Solved Examples on Solid and Electronic Device

Question 1:-

(a) What is the probability that a quantum state whose energy is 0.10eV above the Fermi energy will be occupied? Assume a sample temperature of 800 K. 

(b) What is the probability of occupancy for a state that is 0.10 eV below the Fermi energy?

Solution:-

(a) We can find P(E) from equation P(E) = 1/[e^{(E-E_f)/kT_+1].} But let us first calculate the (dimensionless) exponent in that equation:

E-E_F/kT = (0.10 eV)/(8.62×10^-5 eV/K) (800 K)

             = 1.45

Inserting this exponent into equation P(E) = 1/[e^{(E-E_f)/kT_{+1], we get,}}

P(E) = 1/[e^1.45 +1]

       = 0.19 or 19%

Therefore, the  probability that a quantum state whose energy is 0.10eV above the fermi energy occupied will be19%.  

(b) The exponent in equation P(E) = 1/[e^{(E-E_f)/kT_+1]} has the same absolute value as in (a) but is now negative. Thus from this equation,

P(E) = 1/e^-1.45+1

       = 0.81 or 81%

From the above observation we conclude that, the probability of occupancy for a state that is 0.10 eV below the Fermi energy would be 81%. For states below the Fermi energy, we are often more interested in the probability that the state is not occupied. This just 1- P(E), or 19%. Note that it is the same as the probability of occupancy in (a).

Question 2:-

Calculate the frequency of radio-waves radiated out by an oscillating circuit consisting of a capacitor of capacity 0.02 µF and inductance 8µH.

Solution:-

Here, C = 0.02 µF 

           = 2×10^-8 F

         L = 8 µH

           = 8×10^-6 H

We know that, frequency, f = 1/[2π√LC]

 

Substitute the value of L nad C in the equation  f = 1/[2π√LC], we get,

 f = 1/[2π√LC]

  = 1/[2π√(2×10^-8 F) (8×10^-6 H)]

 = [1/2π×4]×10⁷

= 397.8×10³ Hz

= 397.8 kilo Hz

From the above observation we conclude that, the frequency of radio-waves radiated out by an oscillating circuit consisting of a capacitor of capacity 0.02 µF and inductance 8µH would be 397.8 kilo Hz. 

 

Question 3:-

A triode has a mutual conductance of 3 mAV^-1 and anode resistance of 20000 ohm. Find the load resistance which must be introduced in the circut to obtain a voltage gain of 40.

Solution:- 

Here, g_m = 3 mA/V 

               = 3×10^-3 mho

         r_p = 20000 ohm

        µ = r_p×g_m 

          = 20000× 3×10^-3

             = 60

Since, voltage gain = µ / [1+ (r_p/R_L)]

                          40 = 60 / [1+ (20000/R_L)] 

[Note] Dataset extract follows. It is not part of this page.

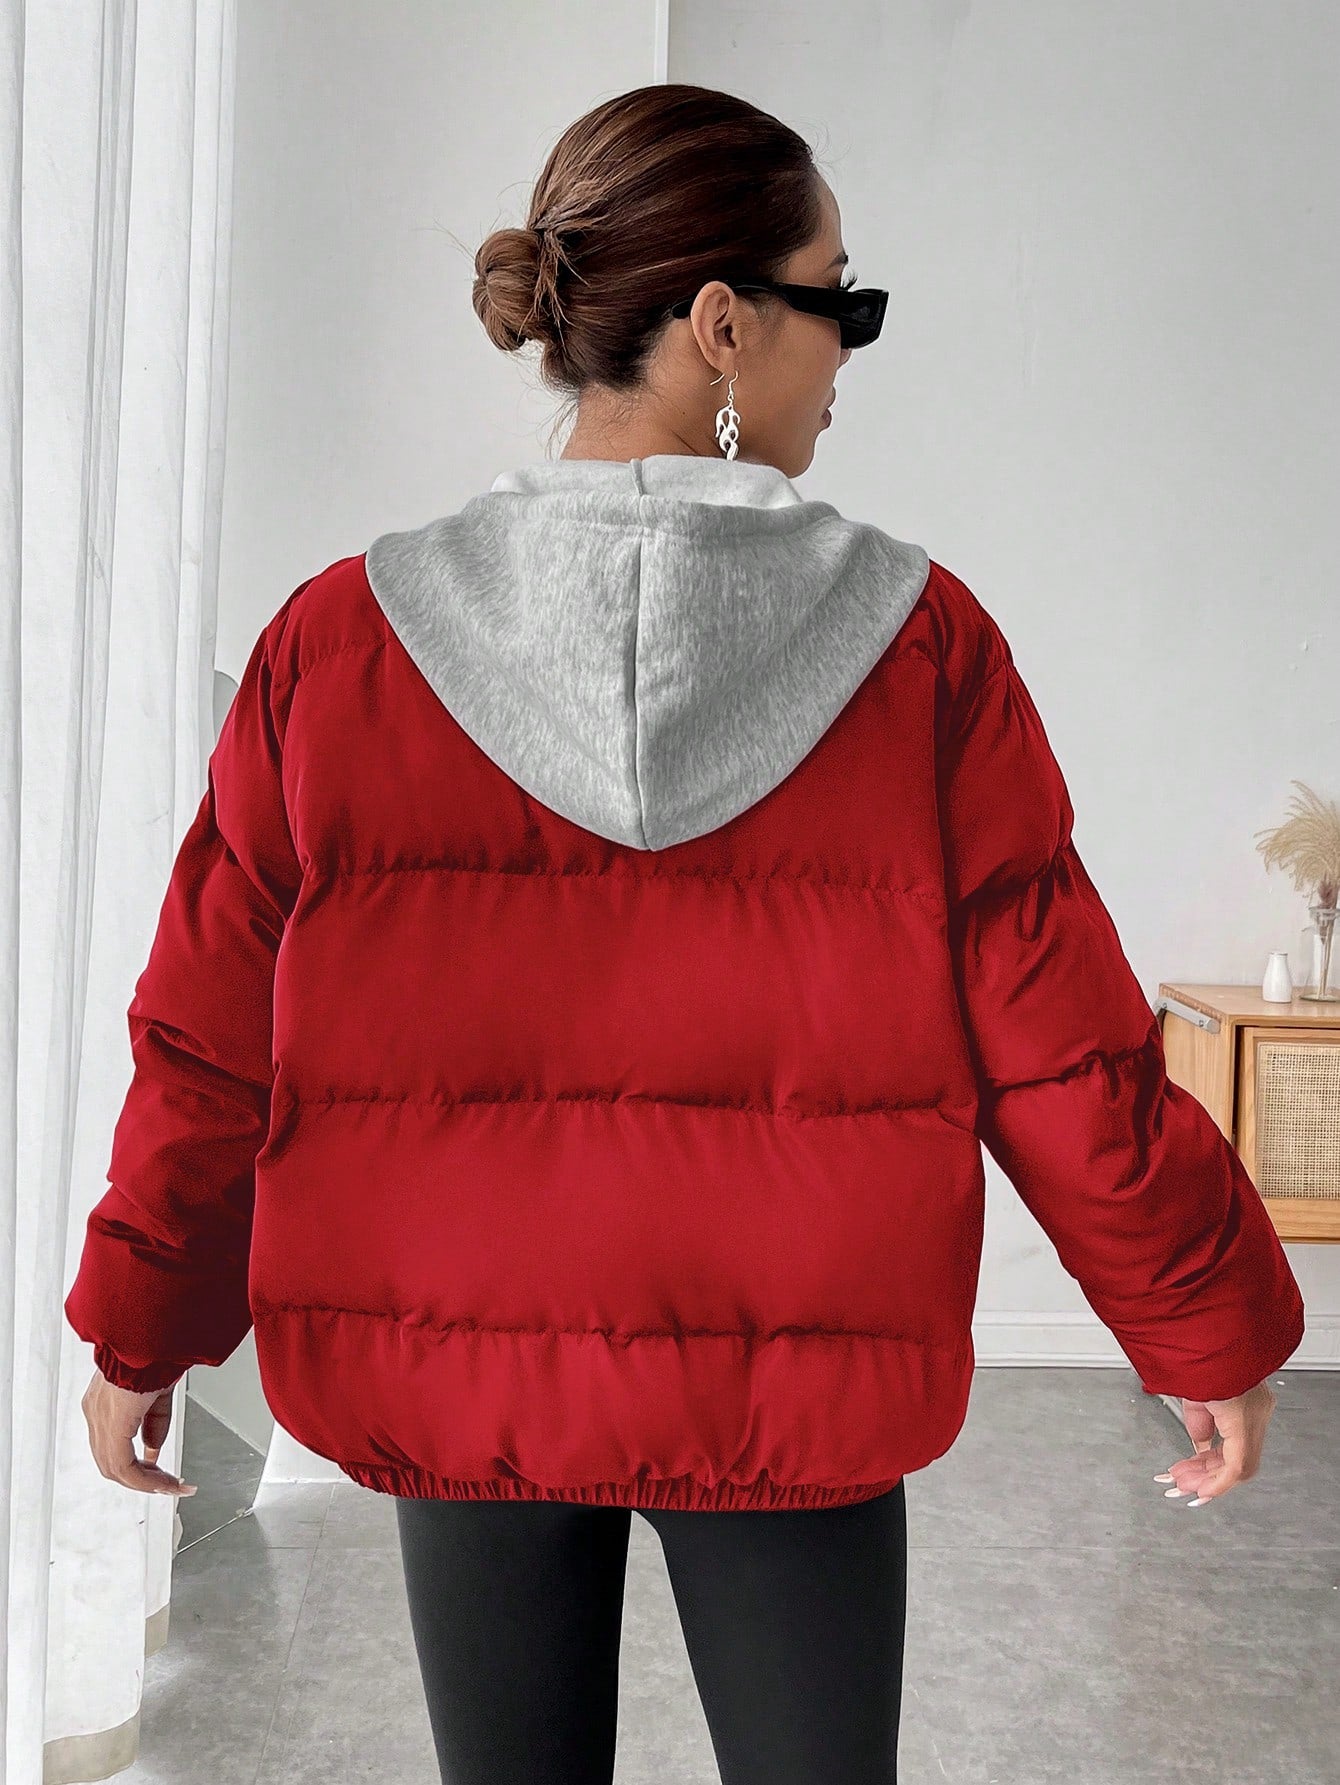 EZwear Women's Letter Print Color-block Hooded Padded Jacket

So, 1+ (20000/R_L) = 60/40

                            = 3/2

Or, 20000/R_L = 3/2 – 1

                      = ½

So, R_L = 40000 ohm

Thus, from the above observation we conclude that,  the load resistance which introduced in the circut to obtain a voltage gain of 40 would be 40000 ohm.

 

Question 4:-

The junction diode in the following circuit requires a minimum current of 1mA to be above the knee point (0.7V) of its I-V characteristic curve. The voltage across the diode is independent of current above the knee point, If V_B = 5V, then what will be the the maximum value of R so that the voltage is above the knee point ?

Solution:-

Here,V_B = V_knee + IR

Substituting 5 V for V_B, 0.7 V for V_knee and 10^-3 A for I in the equationV_B = V_knee + IR, we get,

V_B = V_knee + IR

5 = 0.7 + [(10^-3) (R)]

Or, R = 4.3 KΩ

From the above observation we conclude that, the the maximum value of R so that the voltage is above the knee point would be 4.3 KΩ.